(Work instruction)
Repeat verbatim what the listing holds, but not its pictures.

(Information shown)
· · · · · · ·
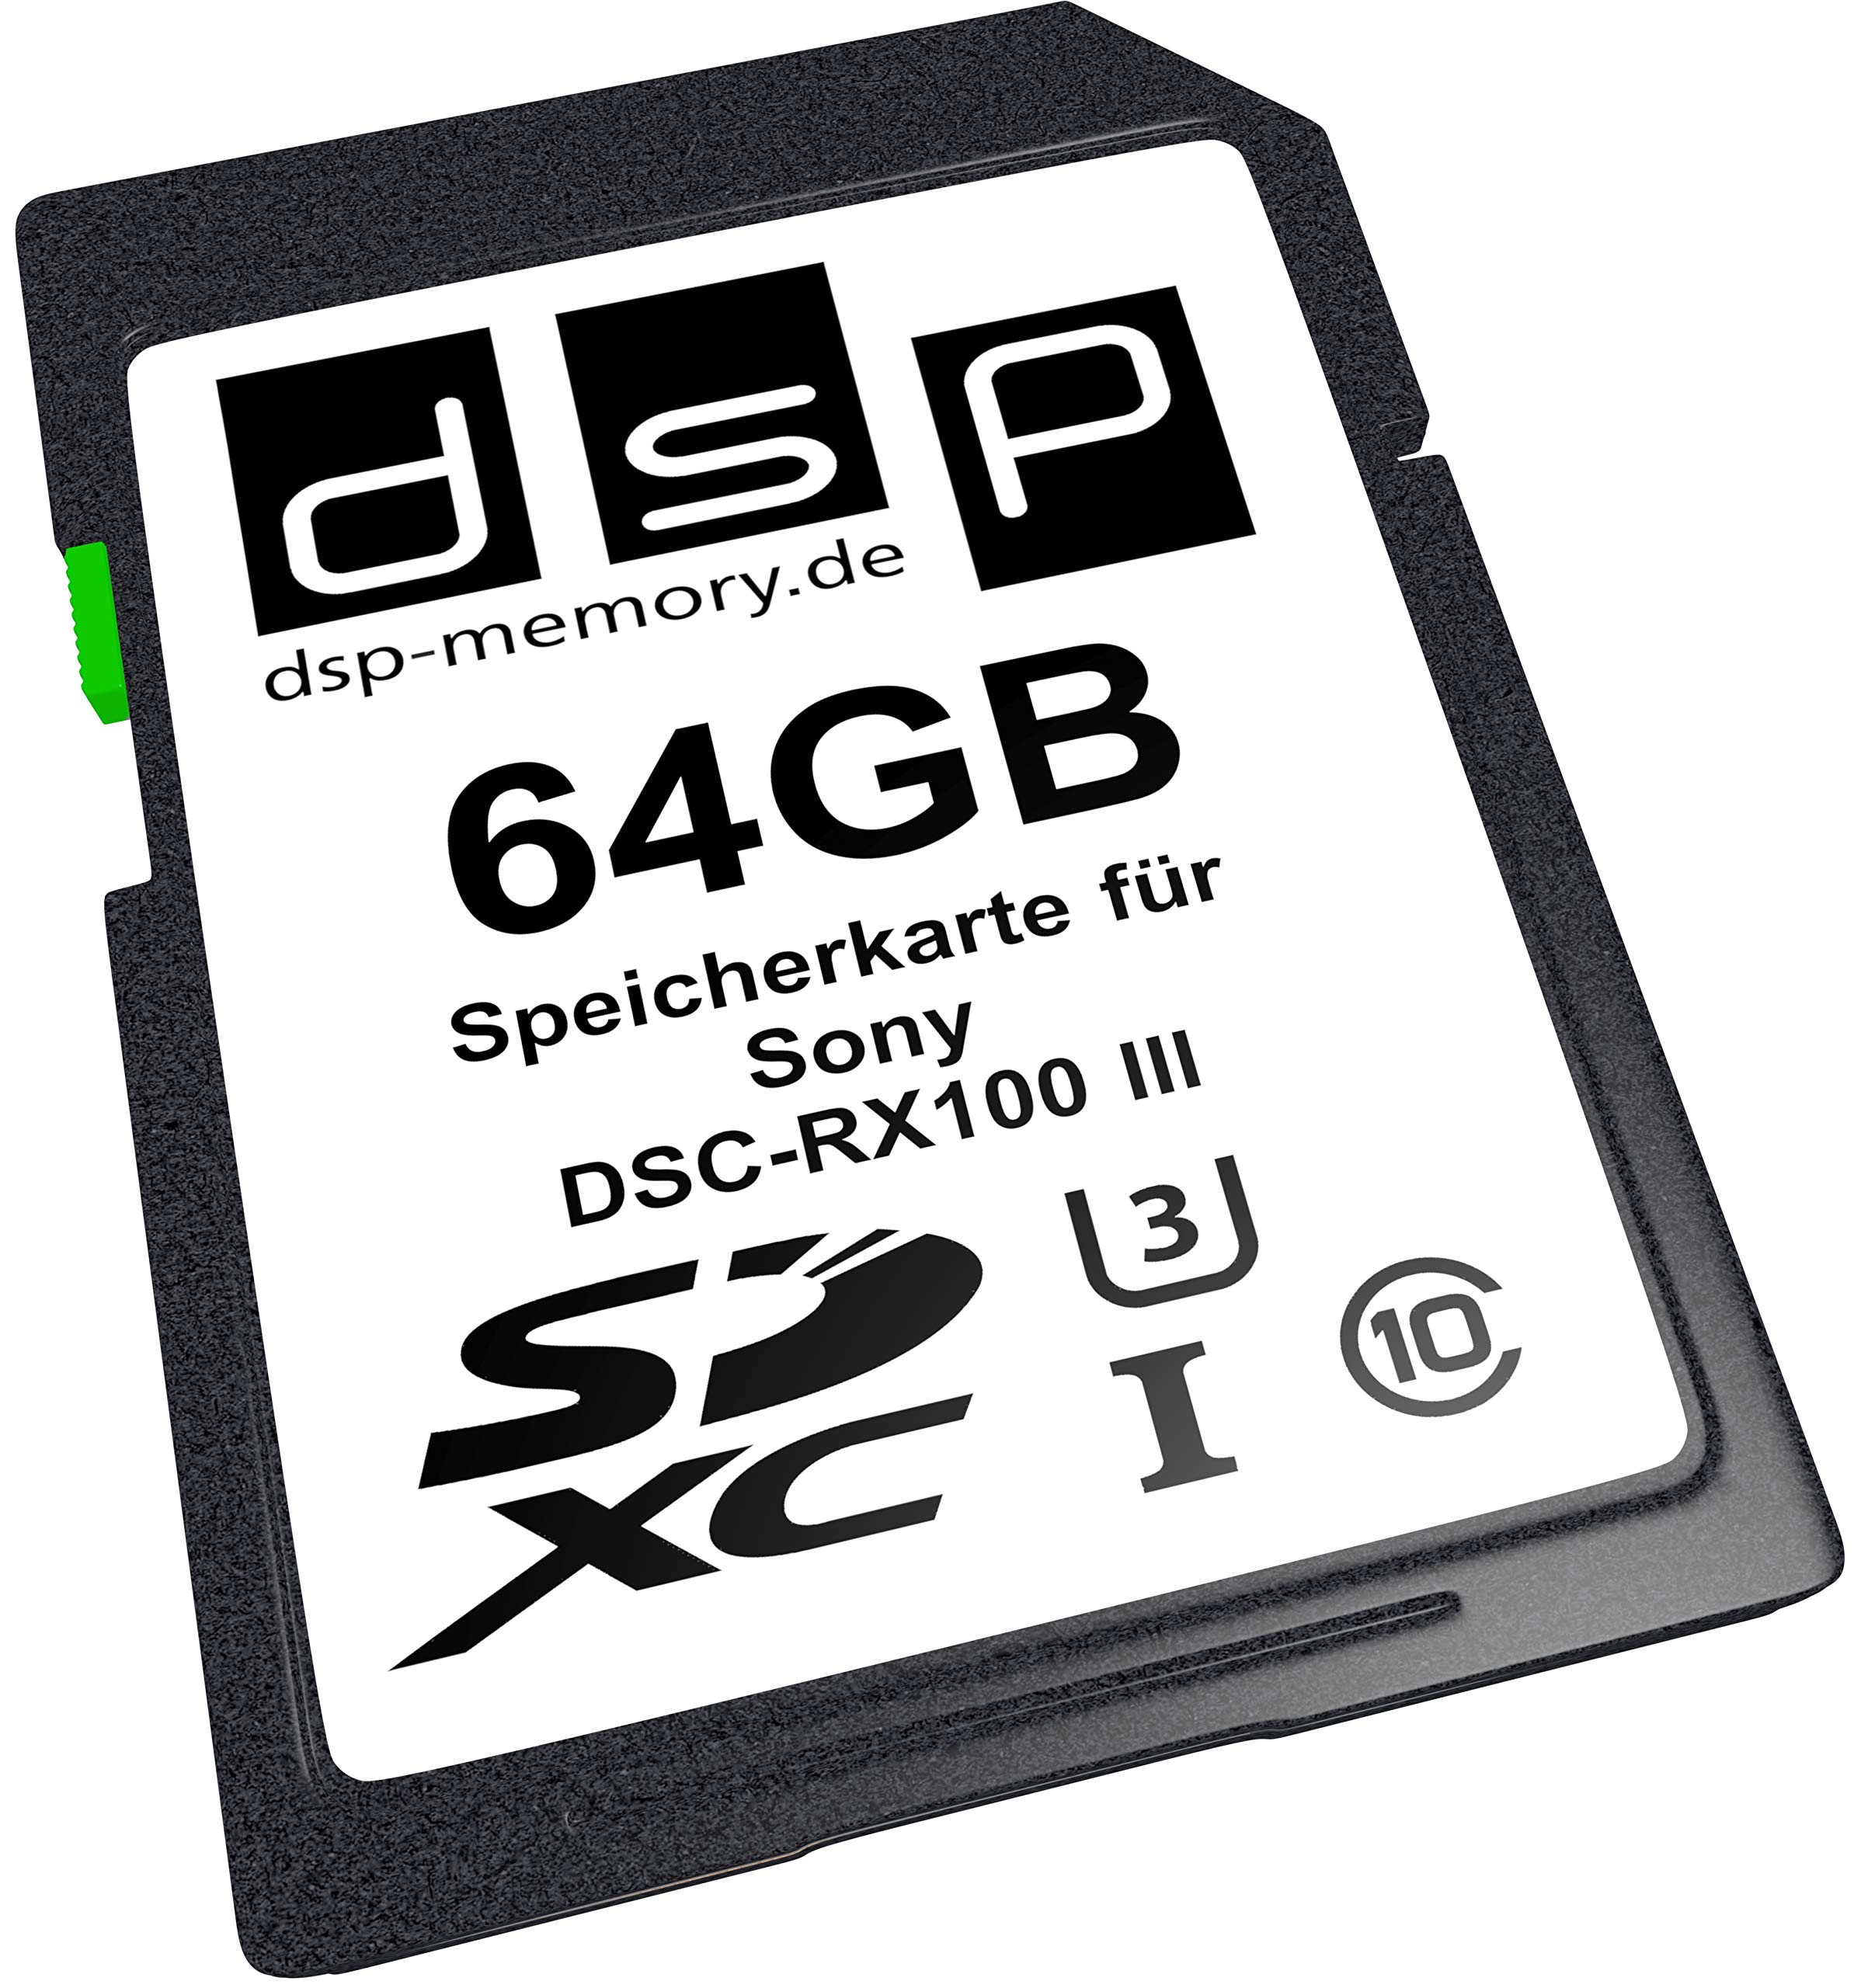 64GB Ultra Highspeed Speicherkarte für Sony DSC-RX100 III Digitalkamera
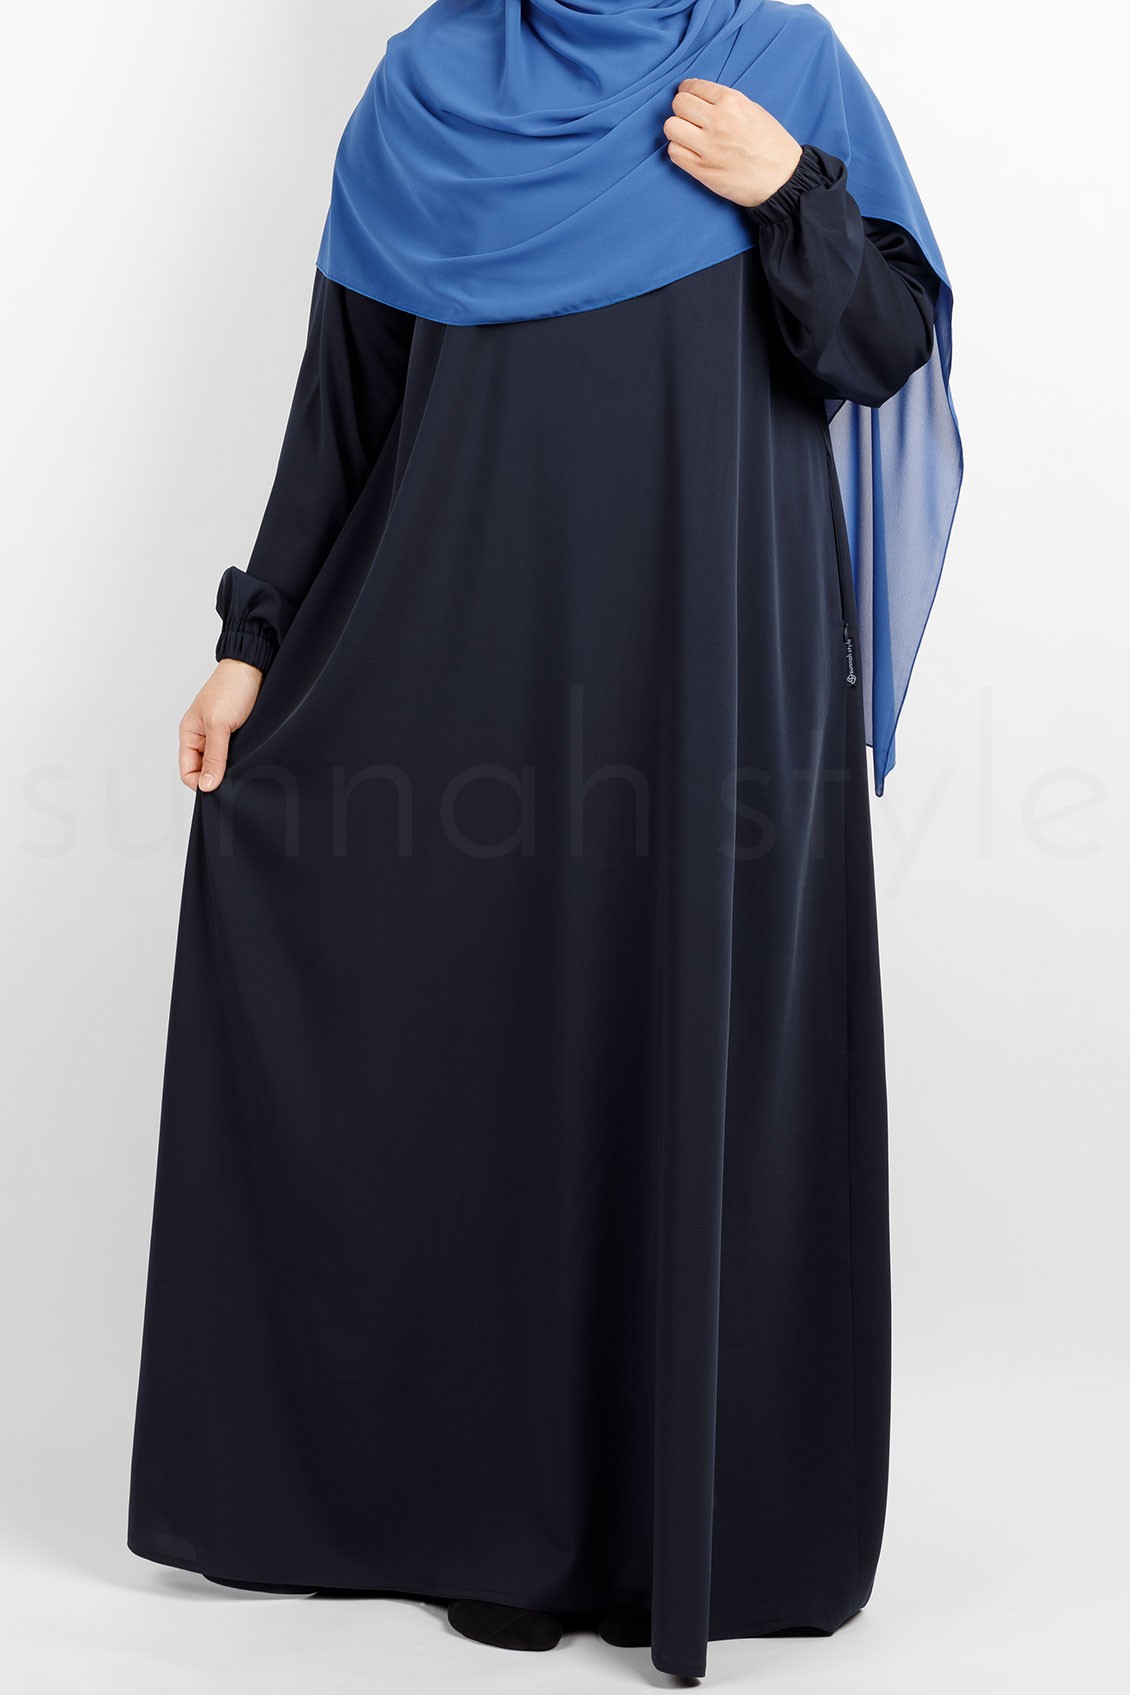 Sunnah Style Versa Stretch Cuff Abaya Navy Blue
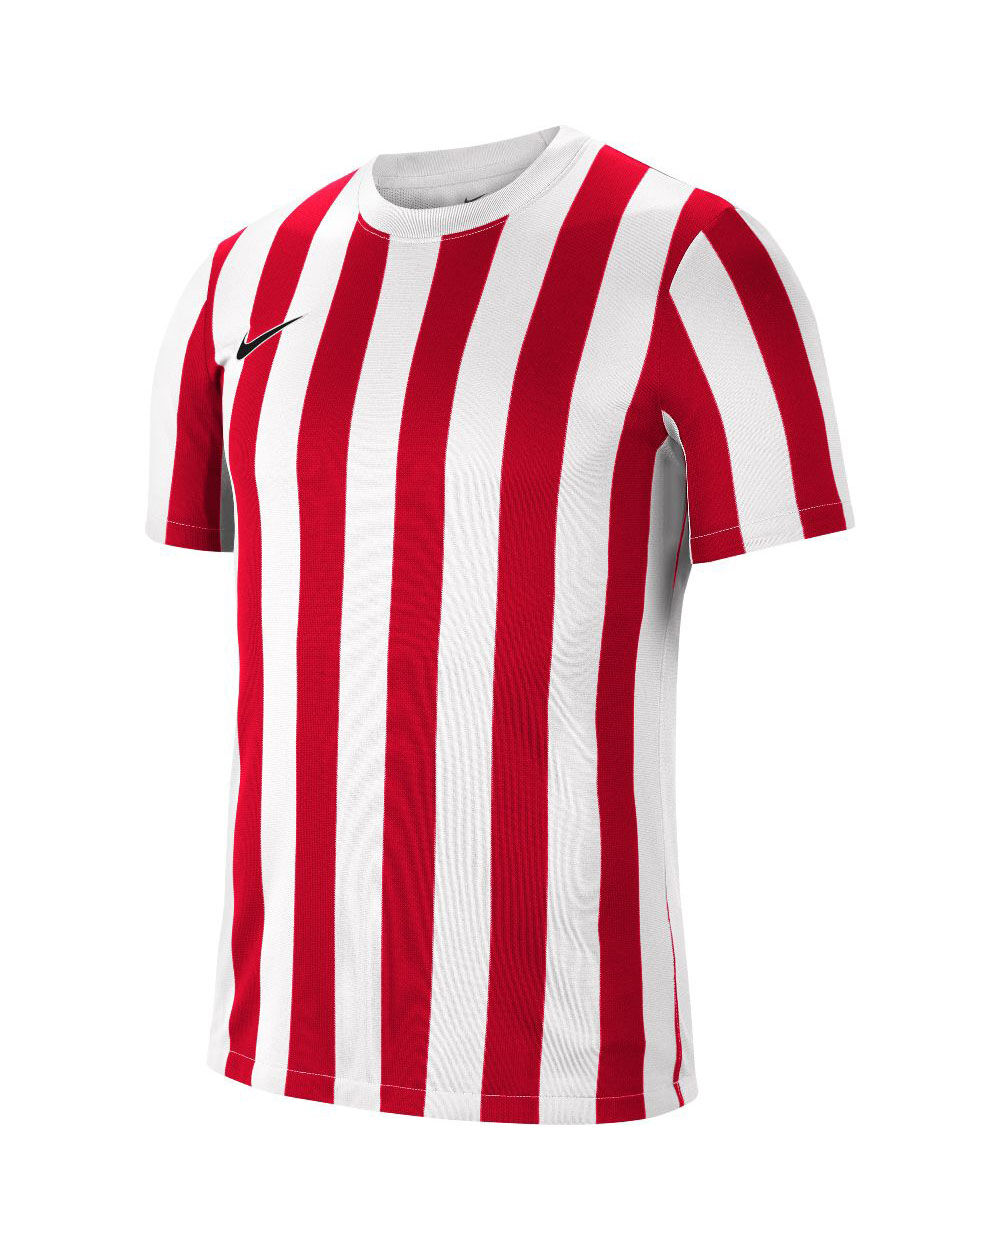 Camiseta Nike Striped Division IV Blanco y Rojo para Mujeres - CW3816-104
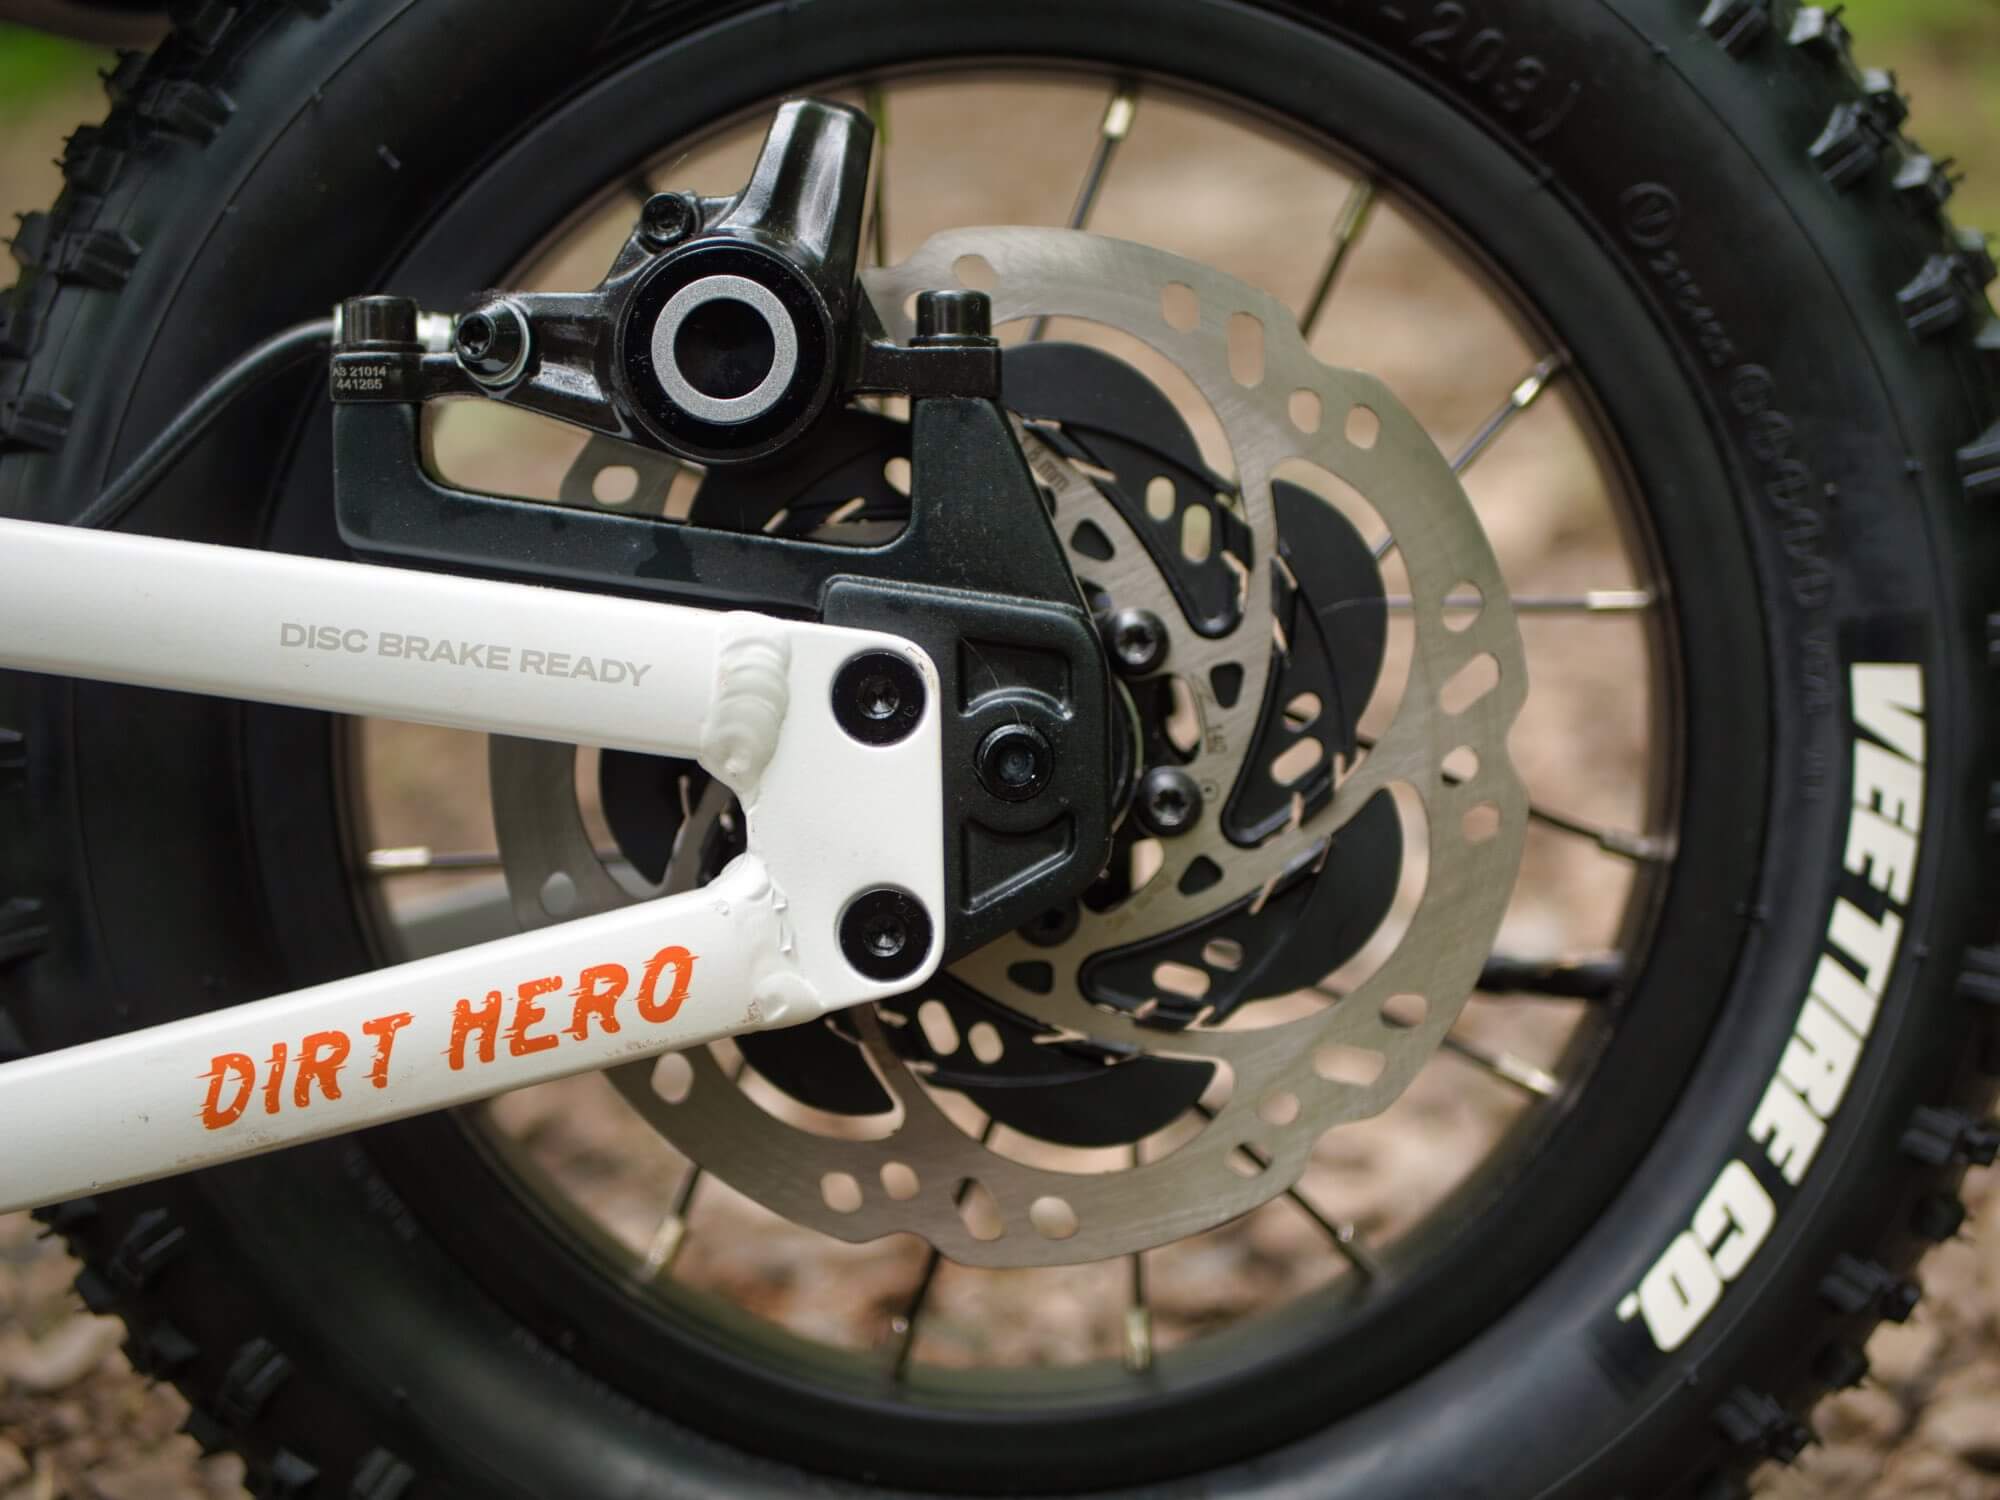 Wheels on the Shotgun DIRT balance bike - first impressions review
· · · · · · ·
(Answer space)
 64GB Ultra Highspeed Speicherkarte für Sony DSC-RX100 III Digitalkamera
 Sunnah Style Versa Stretch Cuff Abaya Navy Blue
 Camiseta Nike Striped Division IV Blanco y Rojo para Mujeres - CW3816-104
 Wheels on the Shotgun DIRT balance bike - first impressions review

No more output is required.